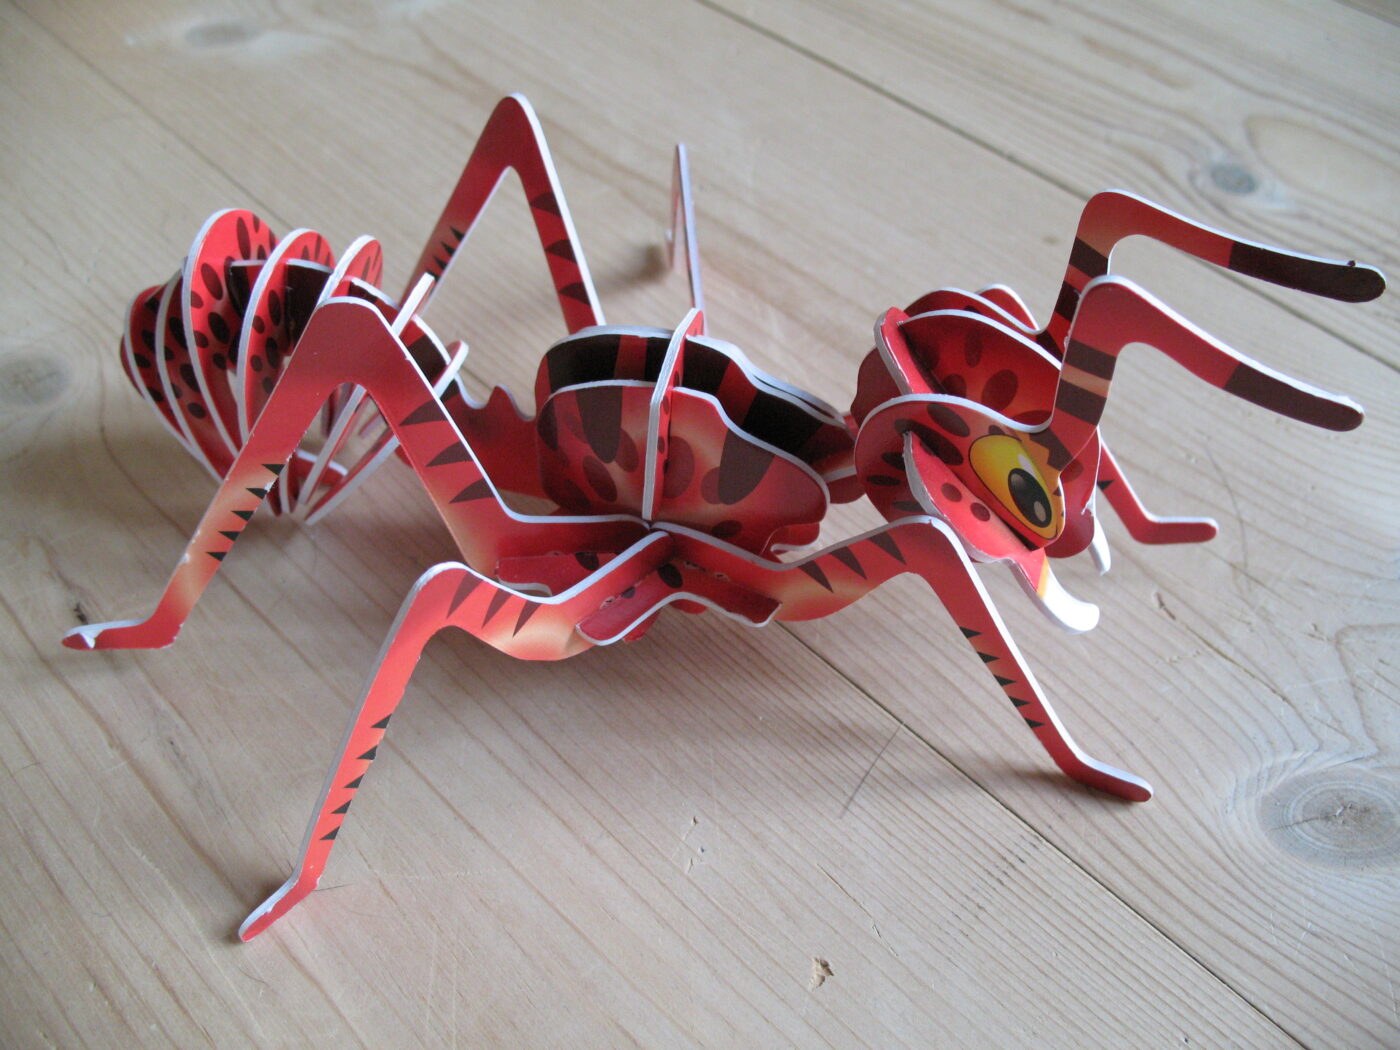 En rød myre lavet af pap.
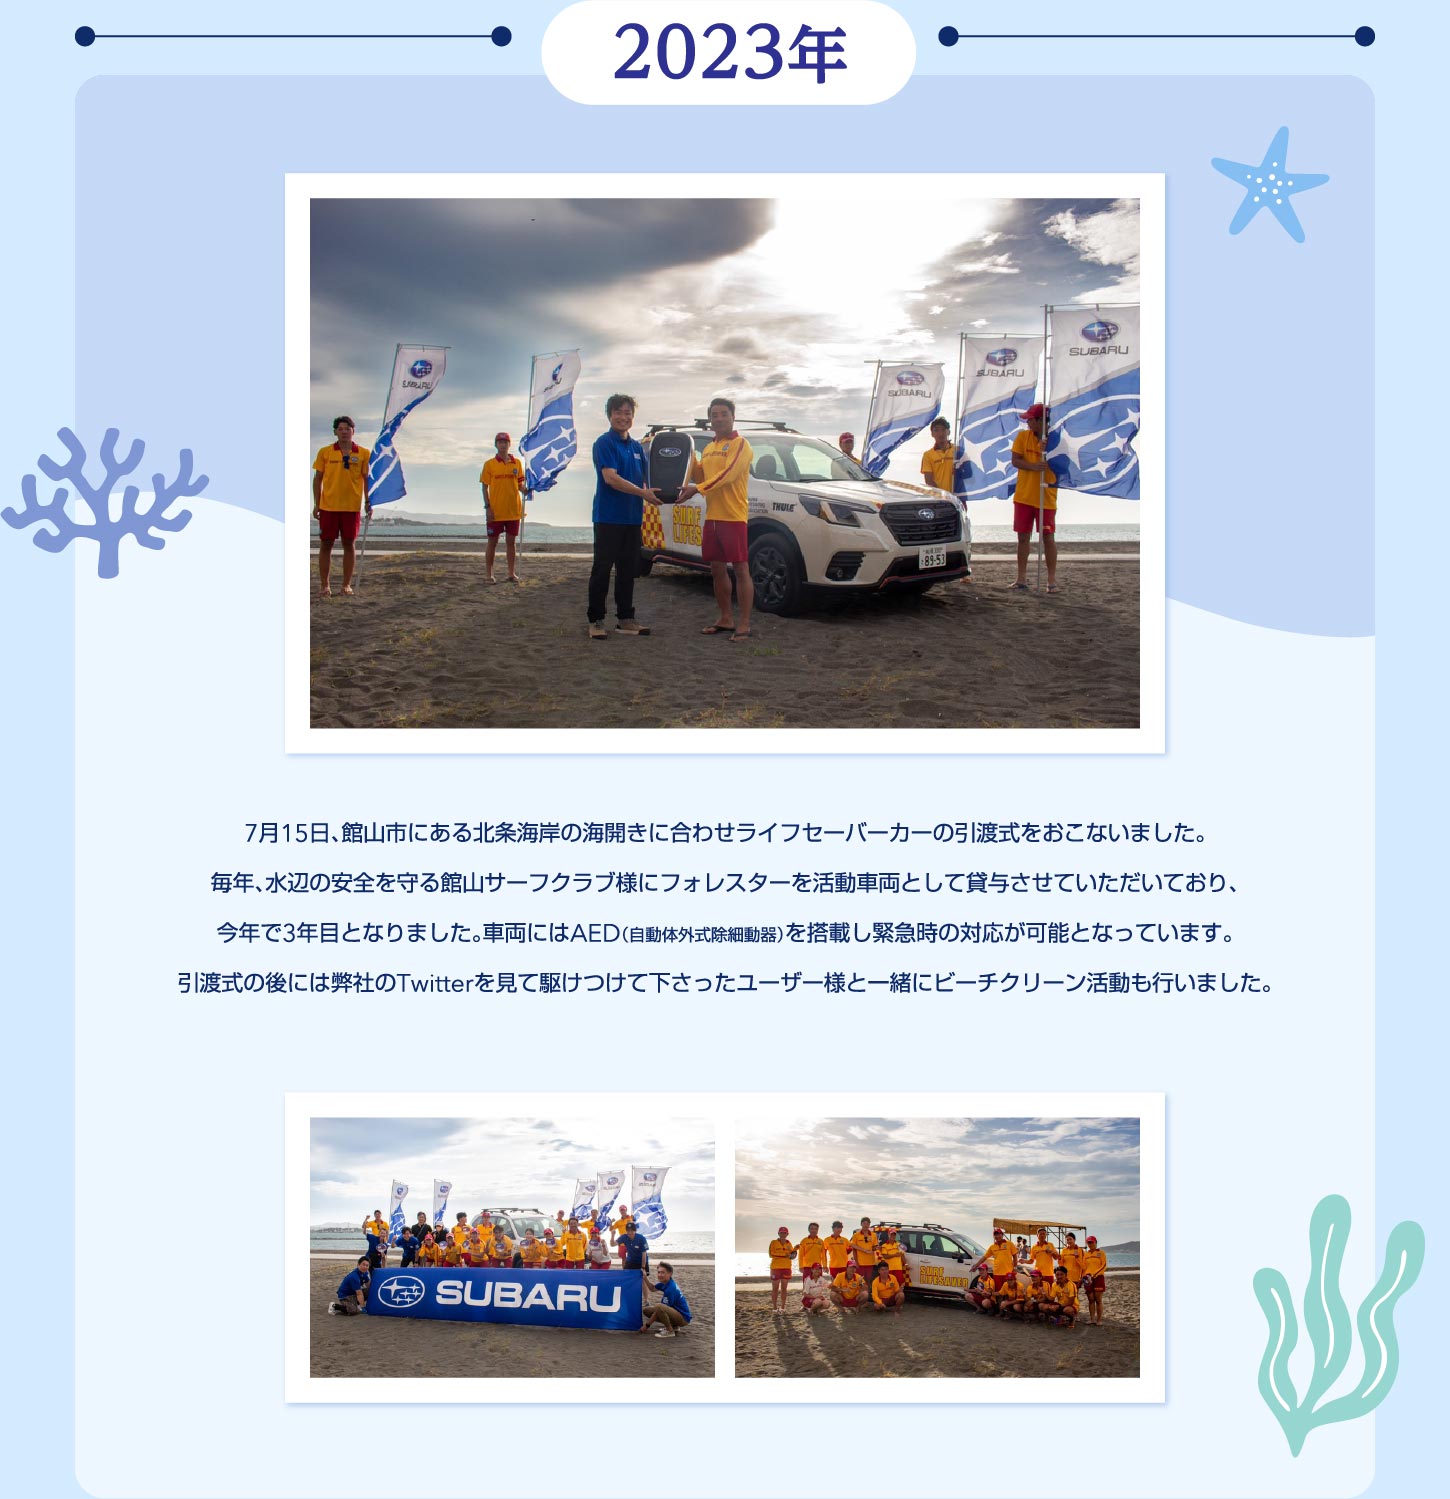 2023年7月15日、館山市にある北条海岸の海開きに合わせライフセーバーカーの引渡式をおこないました。
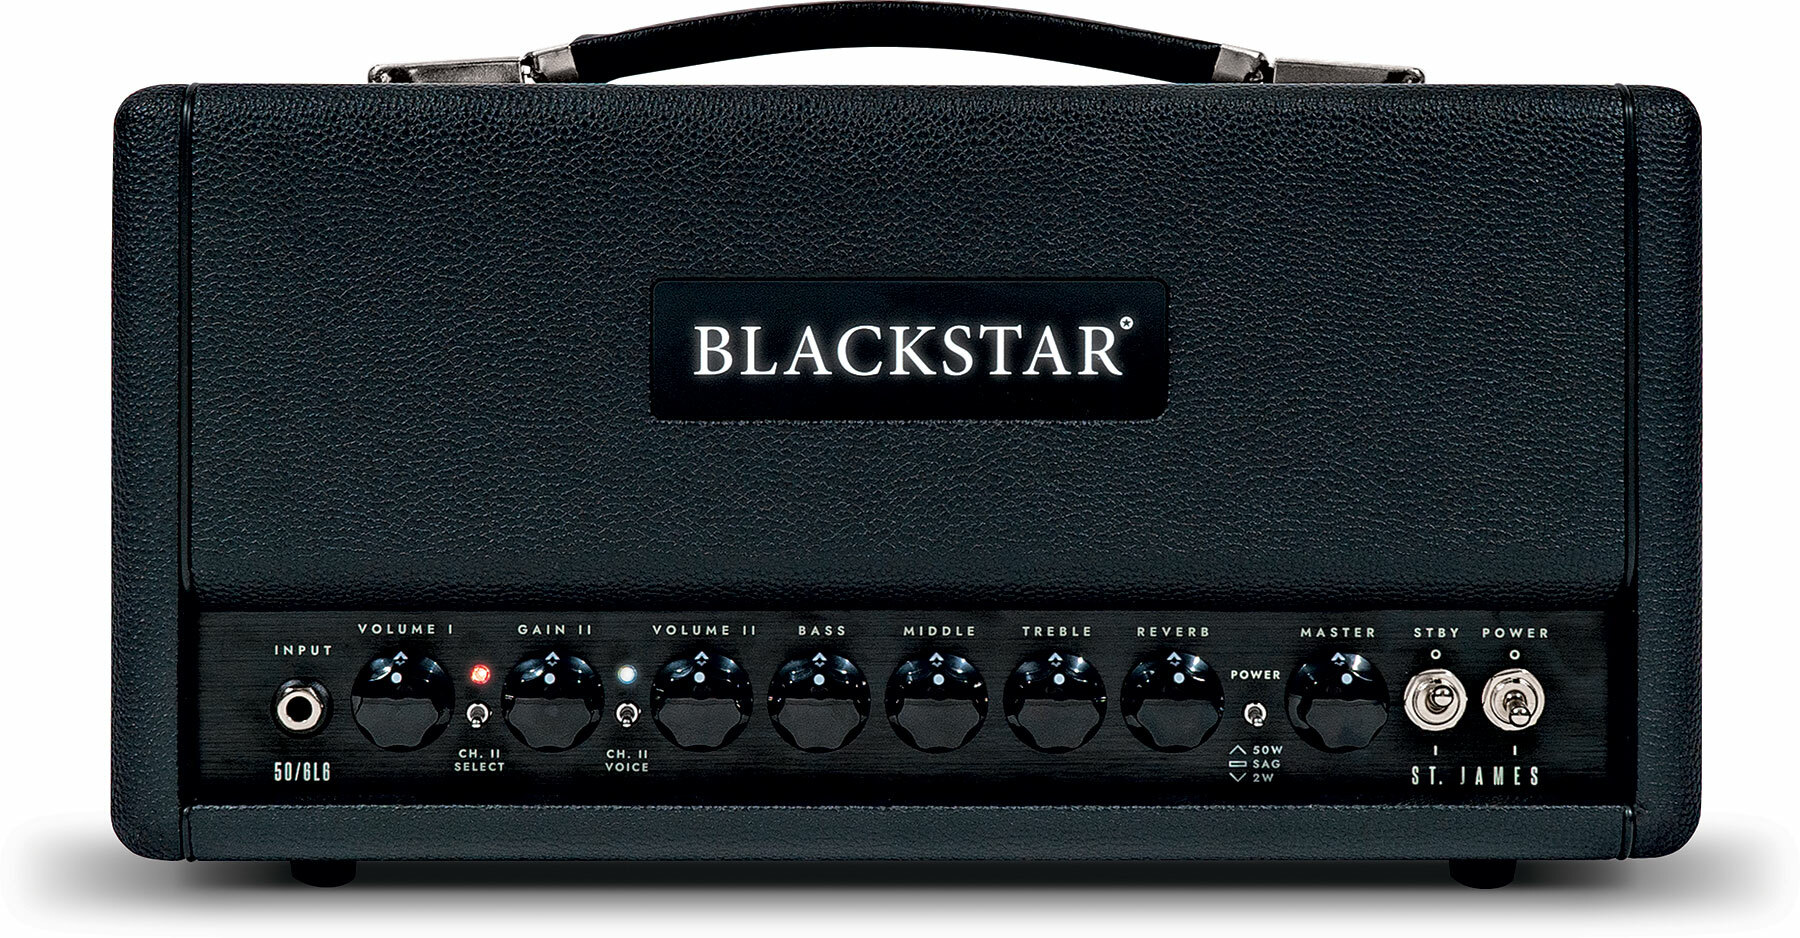 Blackstar St James 6l6h Head 50/5/2w Black - Ampli Guitare Électrique TÊte / PÉdale - Main picture
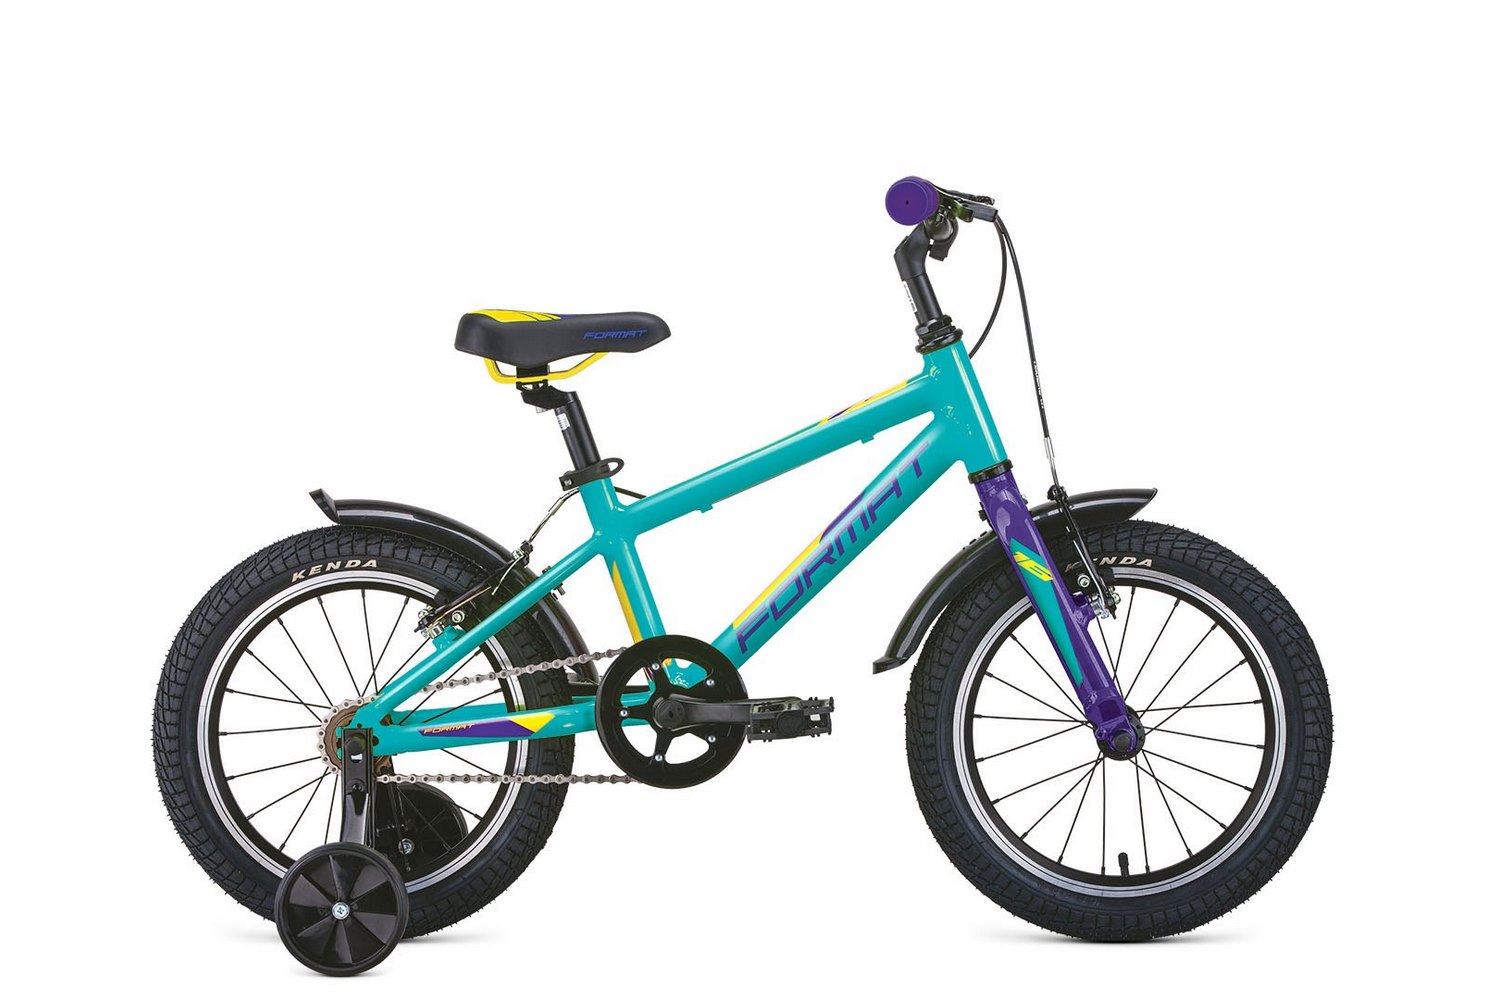  Отзывы о Детском велосипеде Format Format Kids 16 2021
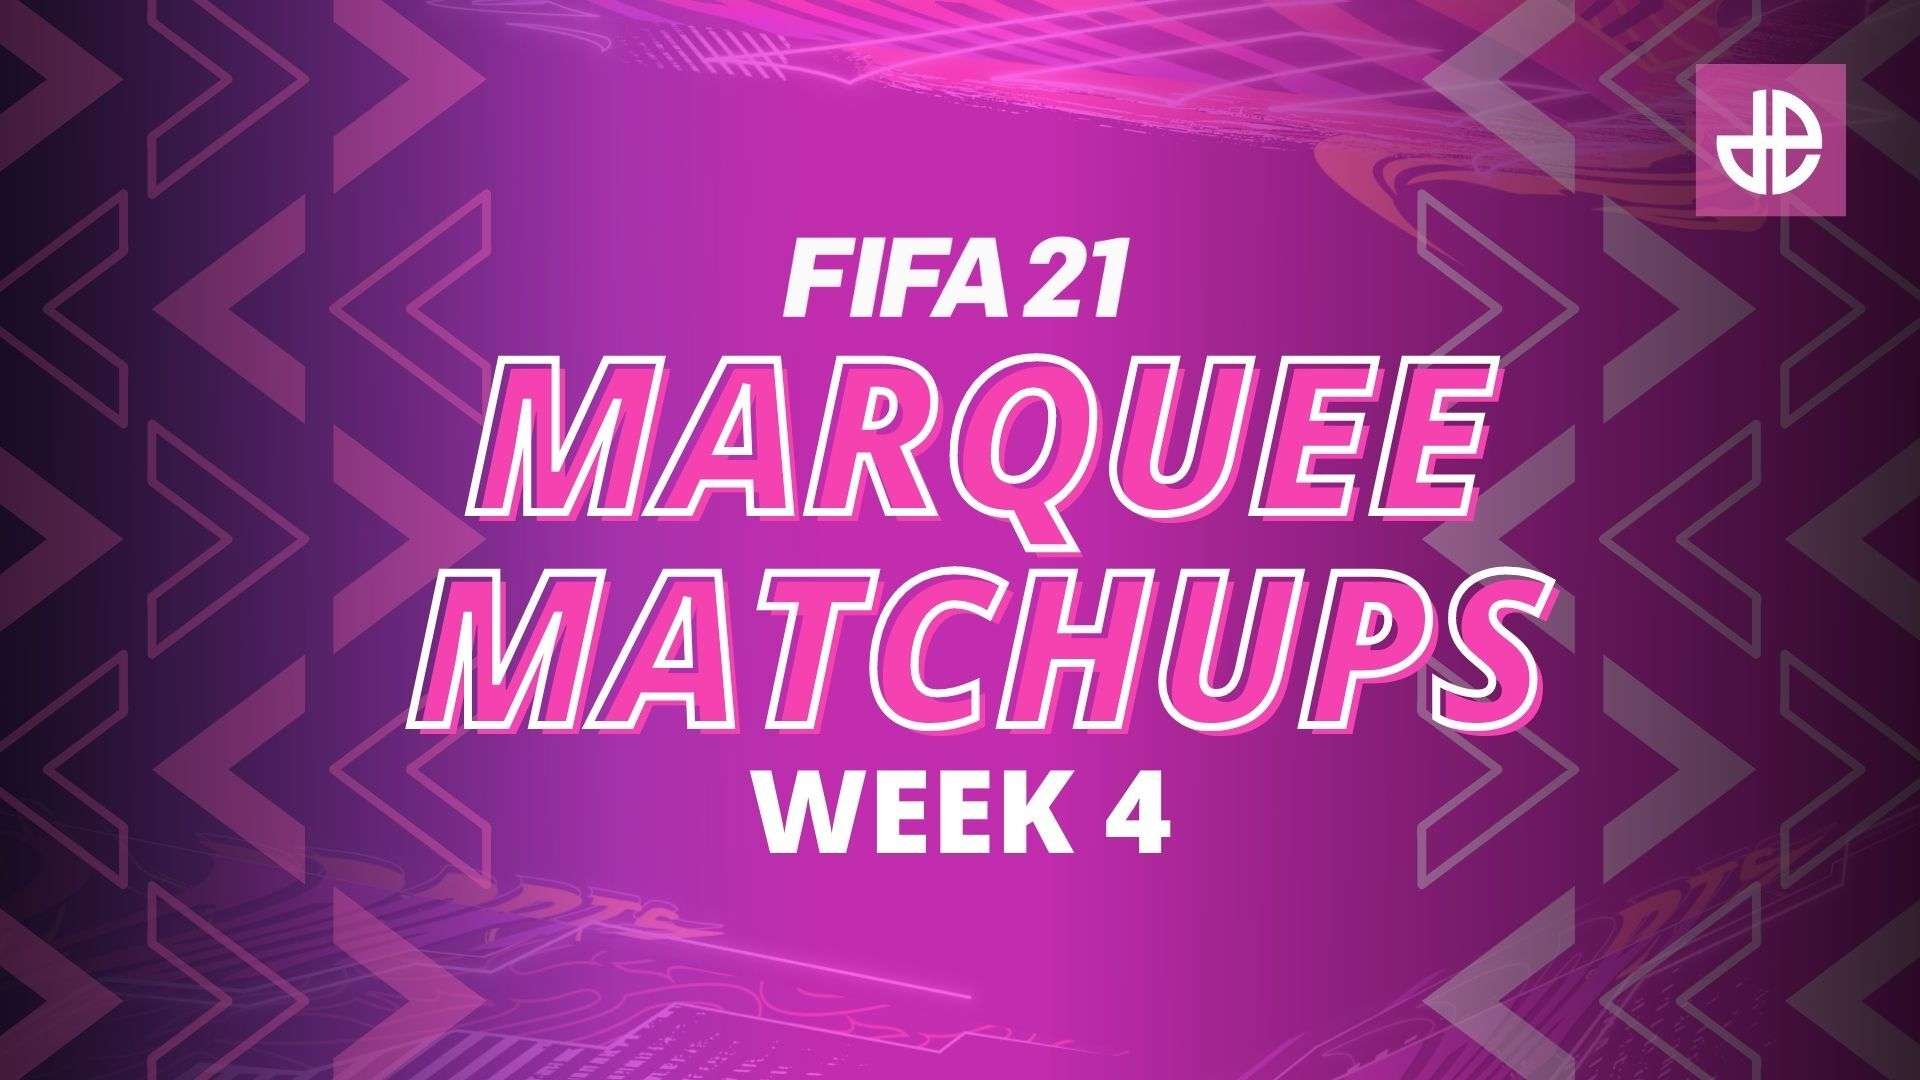 Marquee Matchups Week 4

-.-.-

What the task requires: Set the records down again precisely, skipping every image.

Result:
 En rød myre lavet af pap.
 2023年7月15日、館山市にある北条海岸の海開きに合わせライフセーバーカーの引渡式をおこないました。
 Blackstar St James 6l6h Head 50/5/2w Black - Ampli Guitare Électrique TÊte / PÉdale - Main picture
  Отзывы о Детском велосипеде Format Format Kids 16 2021
 Marquee Matchups Week 4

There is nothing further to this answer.